Return each line of the listing below, unchanged, and omit the images.

> **Data below**
————

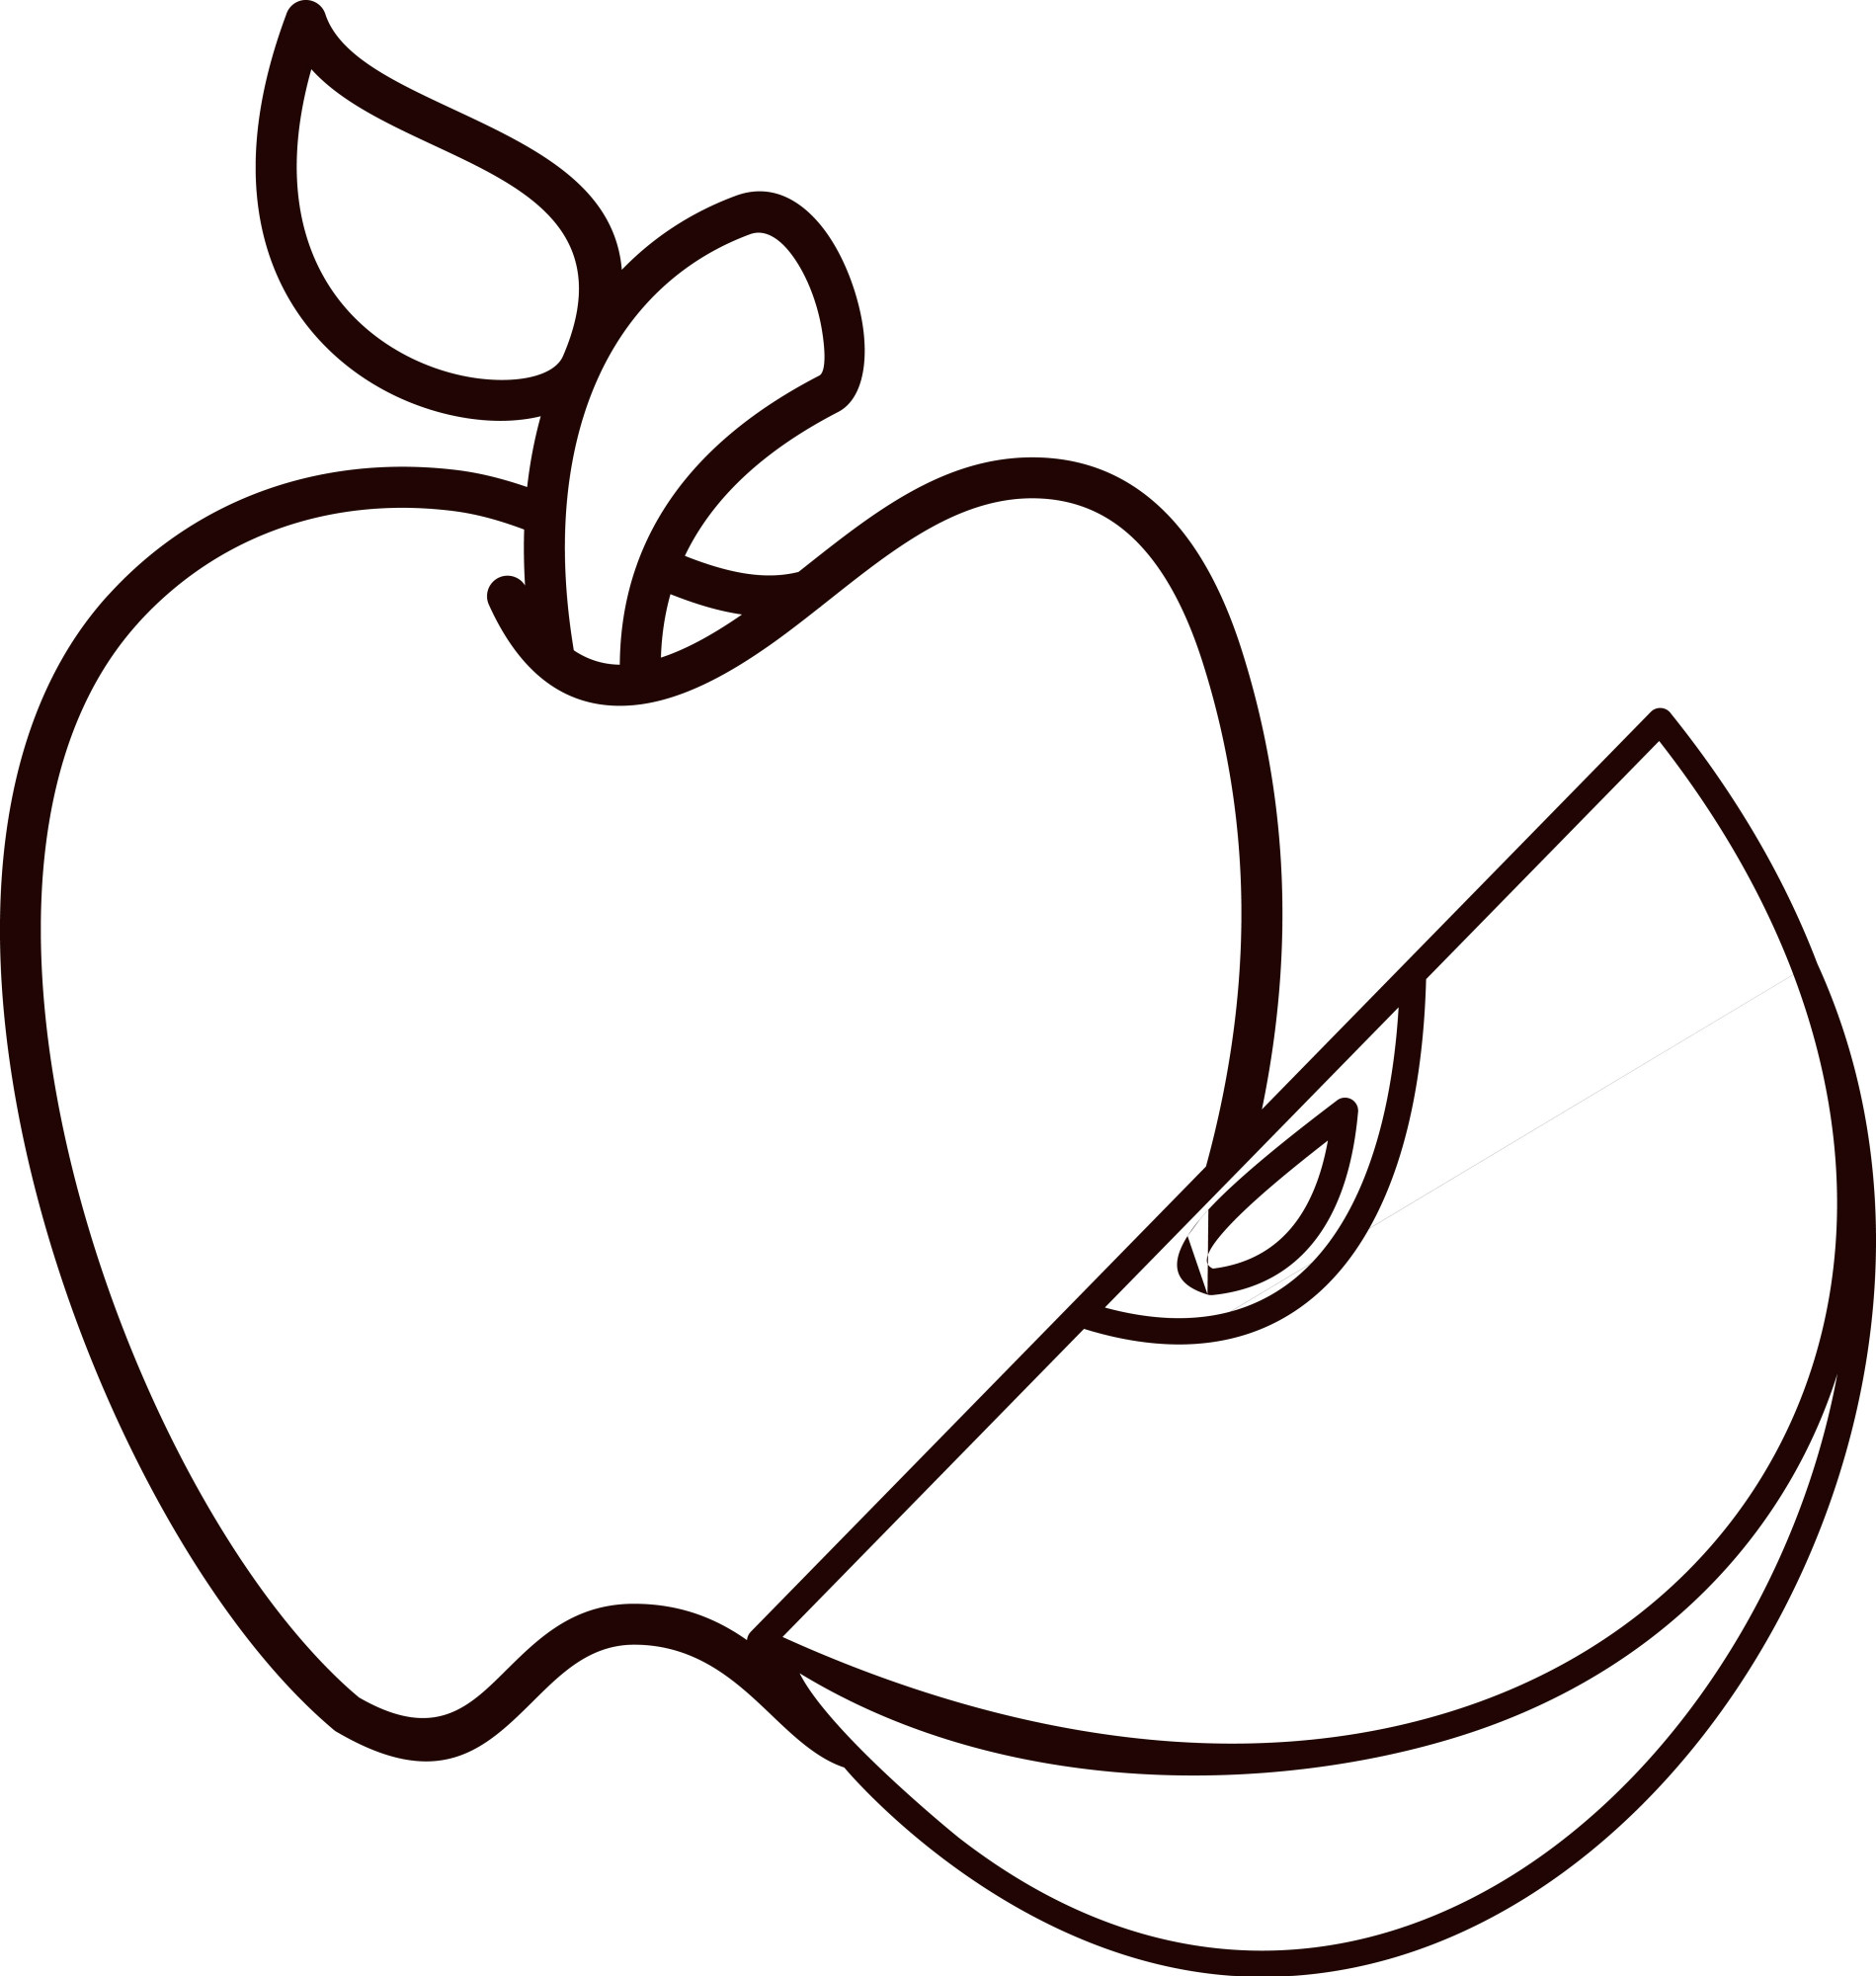 Раскраска для детей: осеннее яблоко с долькой
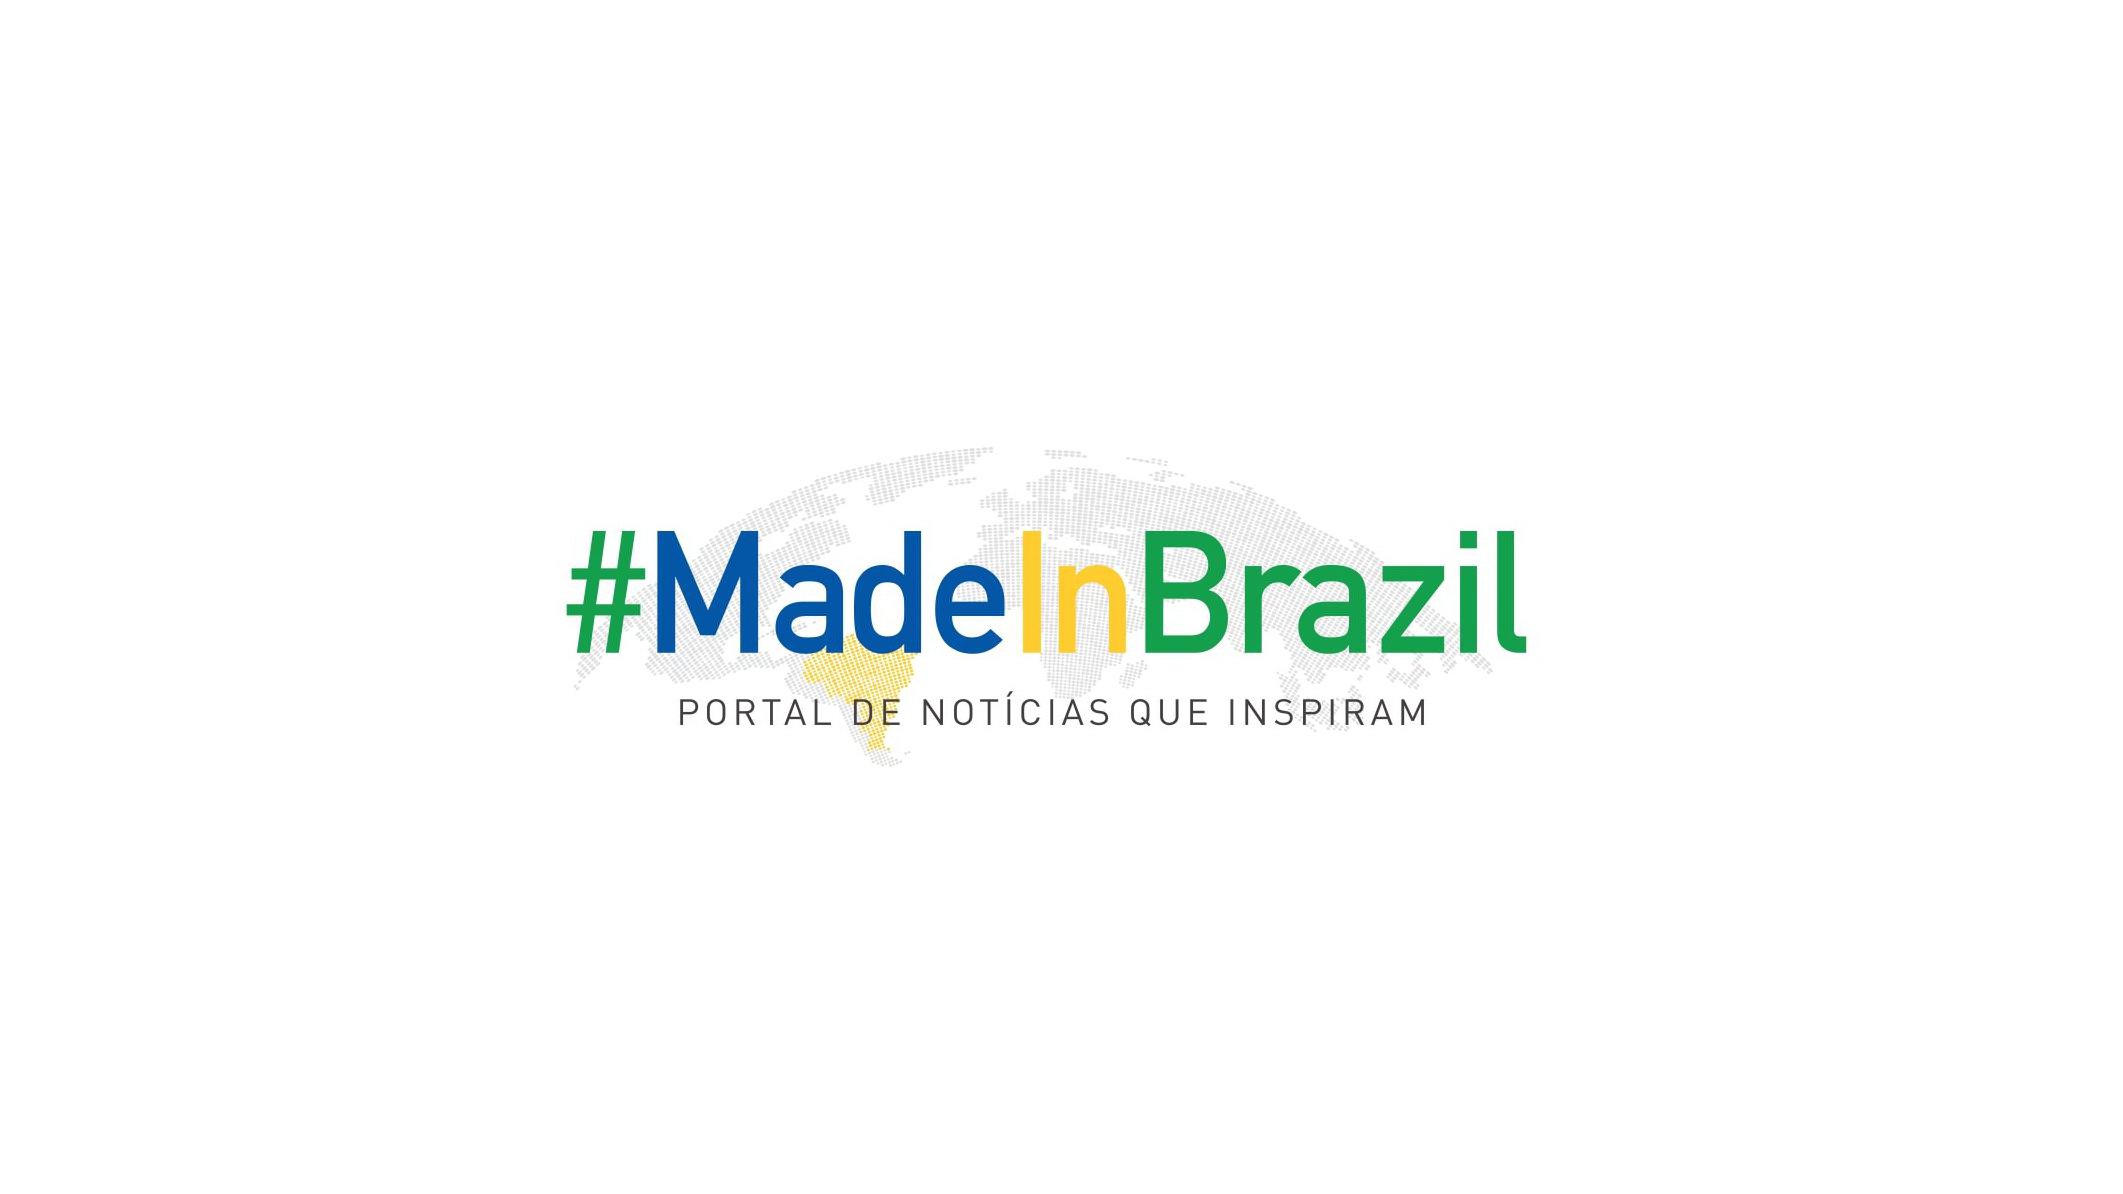 Trademark Logo #MADEINBRAZIL PORTAL DE NOTÍCIAS QUE INSPIRAM
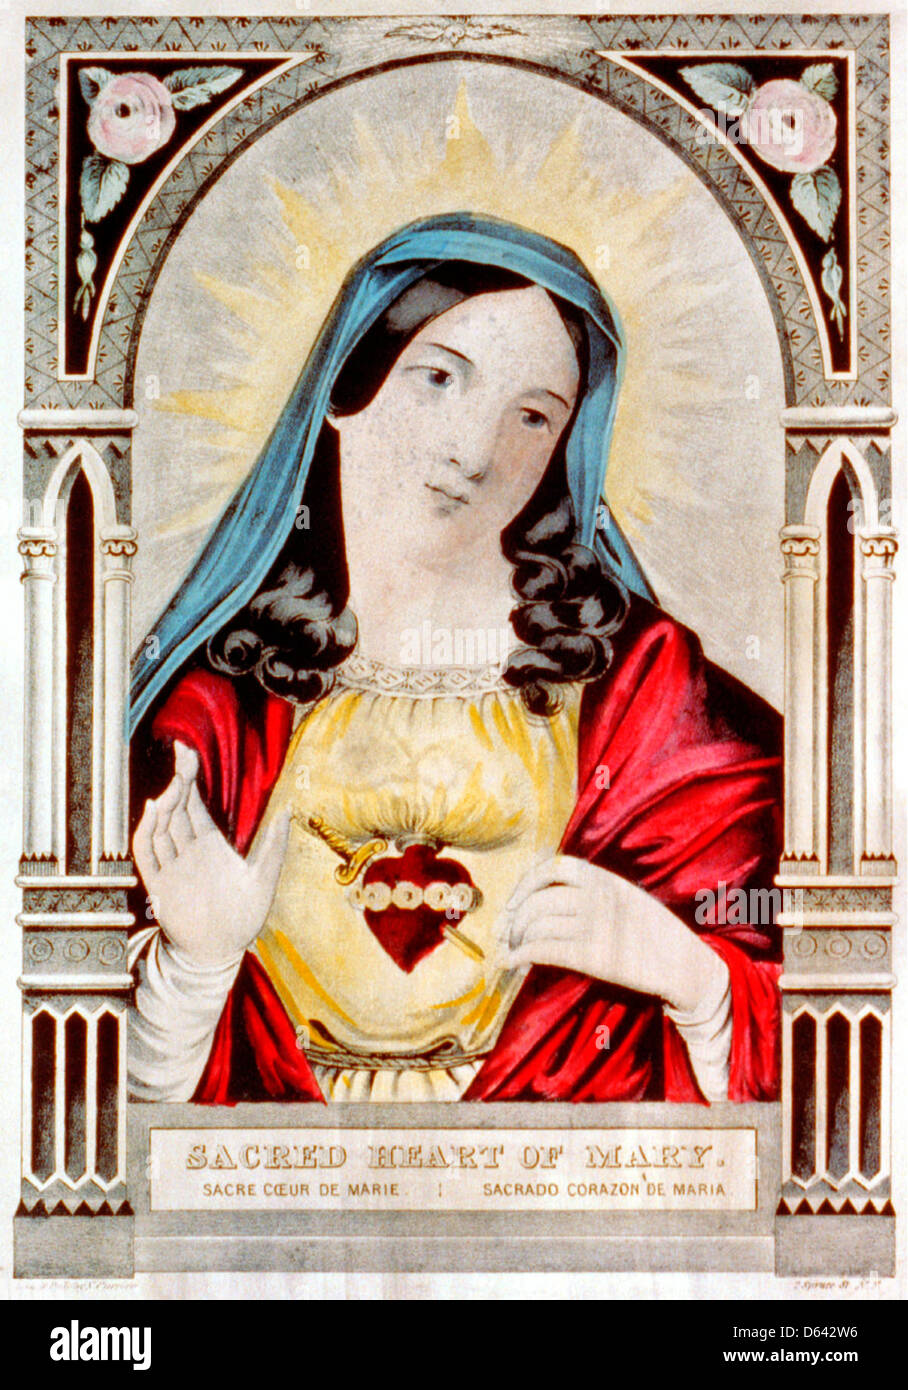 Sacré Coeur de Marie : le Sacré Coeur de Marie / sacrado corazon de Maria - Lithographie colorée à la main vers 1850 Banque D'Images

————

> **Solution for this task**
 Раскраска для детей: осеннее яблоко с долькой
 Trademark Logo #MADEINBRAZIL PORTAL DE NOTÍCIAS QUE INSPIRAM
 Sacré Coeur de Marie : le Sacré Coeur de Marie / sacrado corazon de Maria - Lithographie colorée à la main vers 1850 Banque D'Images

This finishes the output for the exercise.